For the World Cup, security forces established "no-drone zones" of a three nautical-mile radius and 3,000 feet above ground level around stadiums, unless otherwise authorised by air traffic control. Those who flew drones into restricted airspace faced fines of up to US$100,000, confiscation of equipment, and criminal charges, according to the FBI.

The FBI worked with the Federal Aviation Administration (FAA) to enforce temporary flight restrictions (TFRs), using federally authorized capabilities to detect, track, and assess unauthorized drone activity, with personnel from both agencies deployed full-time to identify drone activity that could threaten aviation safety, critical infrastructure, or publicity safety out or around event venues. Before every flight, drone operators were meant to check for active flight restrictions using an FAA-approved B4UFLY service providers.

Below were the TFRs established for Philadelphia events:

- Within a 3 Nautical Mile Radius (NMR) and up to 3,000 feet above ground level, unless otherwise authorized by ATC, all aircraft operations were prohibited in the vicinity of the Philadelphia Stadium on June 14, 19, 22, 25, 27, and July 4.
- Within a 1 Nautical Mile Radius (NMR) and up to 1,000 feet above ground level, unless otherwise authorized, all UAS operations were prohibited in the vicinity of Lemon Hill Park from June 11 to 30, and July 1 to 19.
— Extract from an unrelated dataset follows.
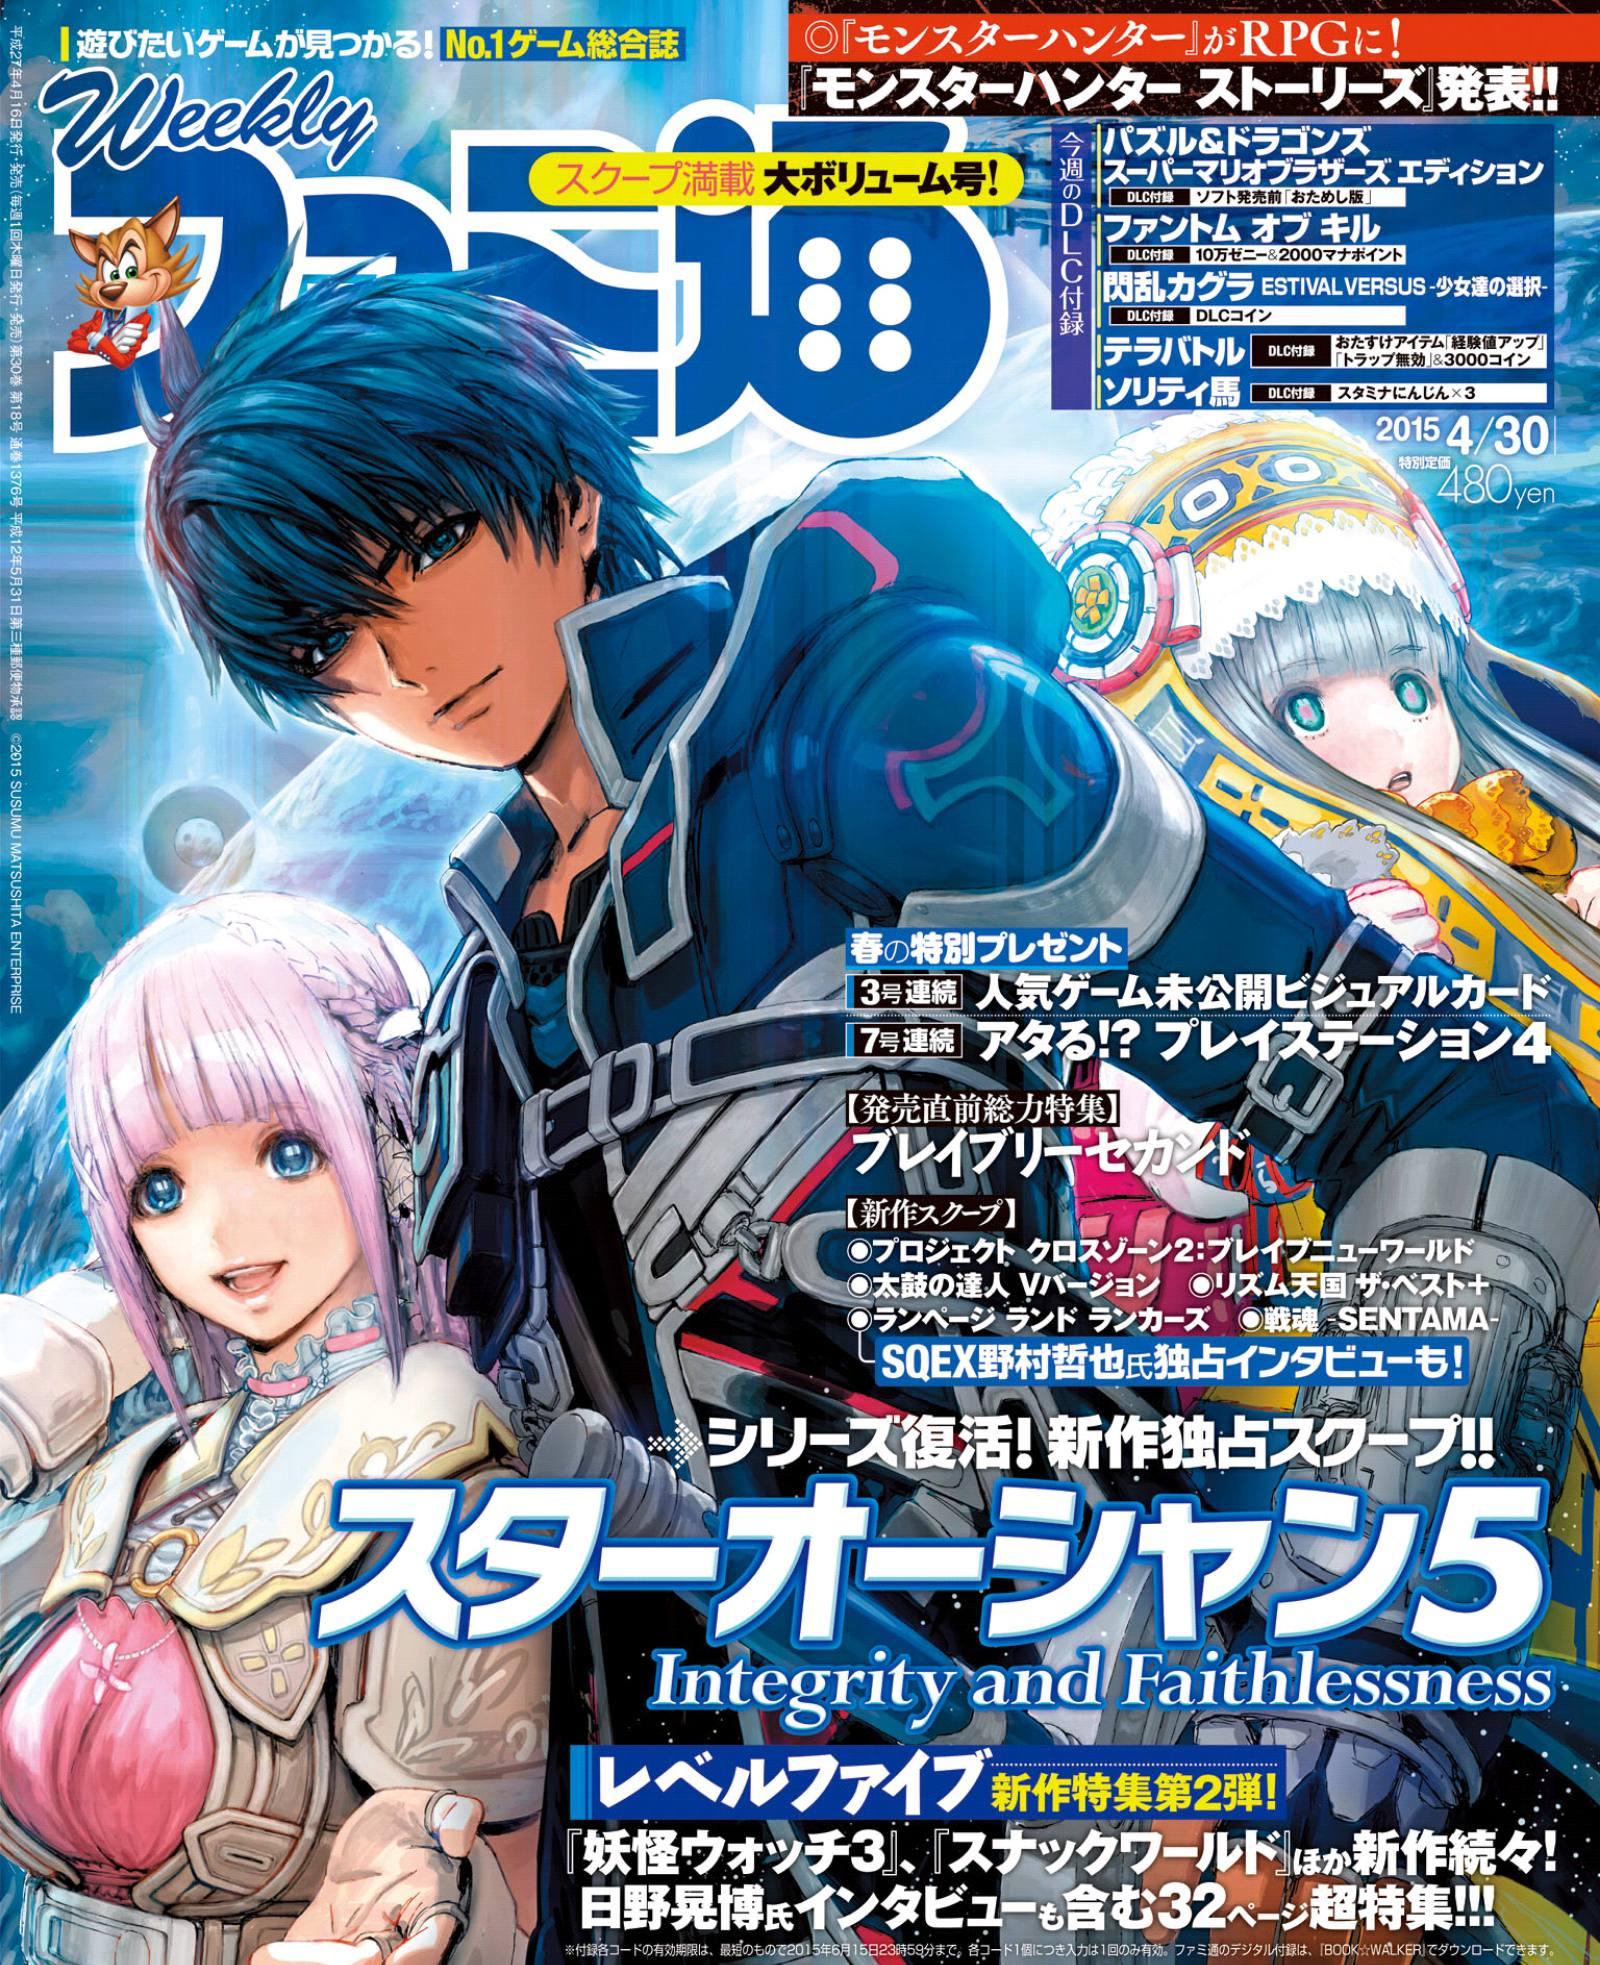 Famitsu 1376

Andrew Giuliani, executive director for the White House World Cup Task Force, told The Athletic prior to the tournament that "drones getting above players or fans" was "an emerging threat" that organisers had prepared for long in advance of the World Cup. He said that some who had violated the temporary flight restrictions — underpinned by the Safer Skies Act, which was brought in last year — may have simply been "putting it up to go and take a look at the tailgate... but that obviously takes resources away in case there are potentially evildoers that are doing that."

Counter-unmanned aircraft systems (C-UAS) were installed around venues, including at MetLife Stadium, the host of the final. The ‘C-UAS Fly Away Kit’ at MetLife was manufactured by defence company Anduril and comprised a launch box, communication tower, and 360-degree electro-optical/infrared visual detection and camera system.
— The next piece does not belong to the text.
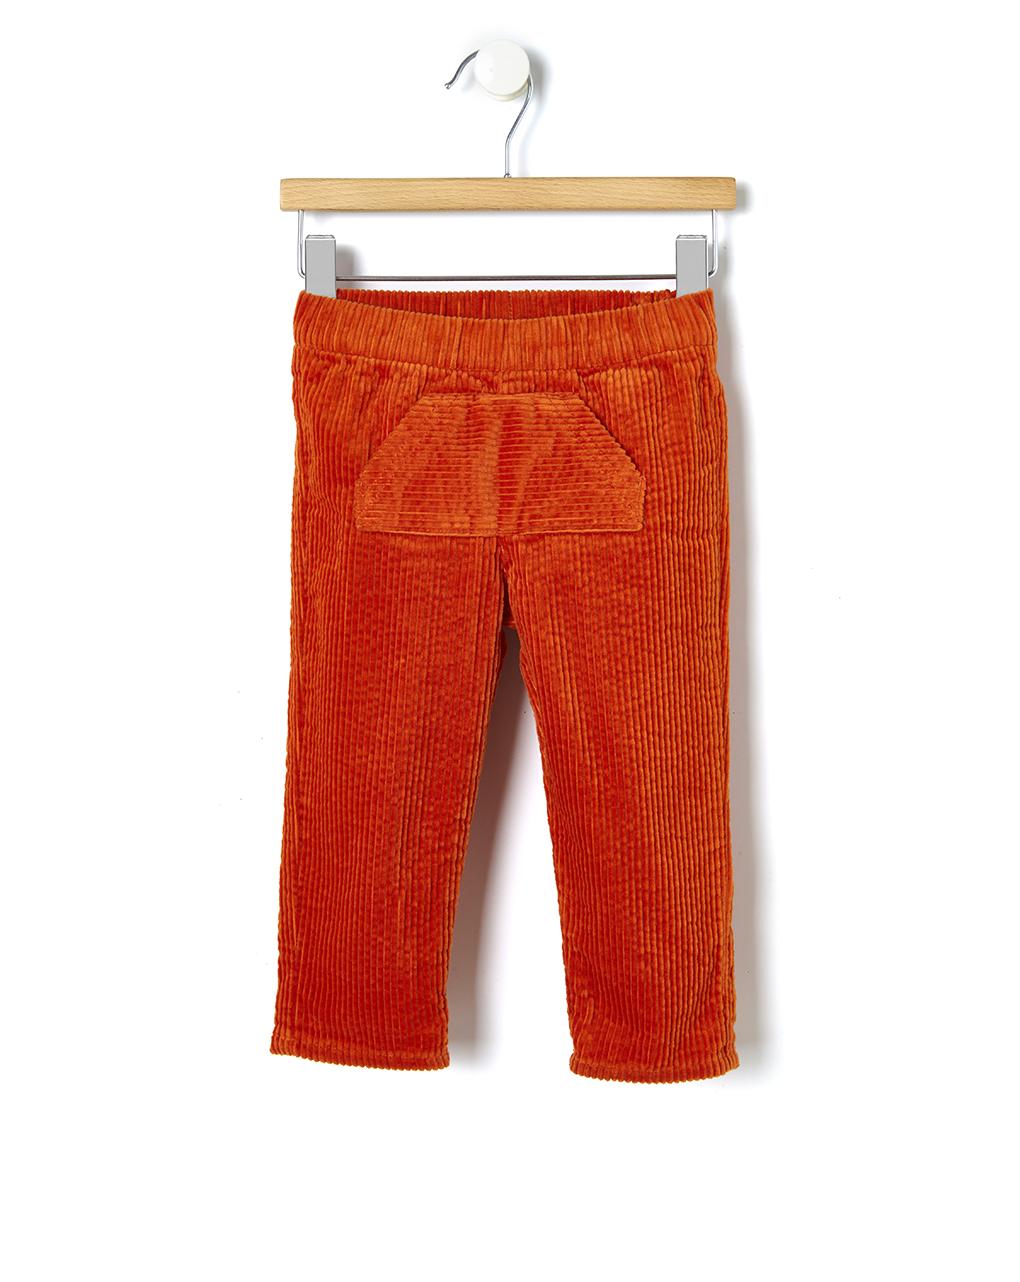 Παντελόνι Βελουτέ Πορτοκαλί για Αγόρι

In another incident, law enforcement officials confiscated over 700 devices nationwide across American host cities, including 95 in Atlanta and 94 in North Texas. The enforcement led to federal criminal charges and civil penalties for operators violating strict temporary flight restrictions, and was also used as a counter measure against piracy streaming services.

== Legacy contribution dispute ==
Following the 2026 FIFA World Cup, several U.S. host cities claimed FIFA had failed to deliver promised $1 million legacy contributions intended for community projects. City officials said FIFA representatives had repeatedly assured them the payments would be made, but no funds had been distributed. The issue sparked criticism over the financial burden placed on host cities, which covered major costs such as security, transportation, and operations while FIFA retained most tournament revenues.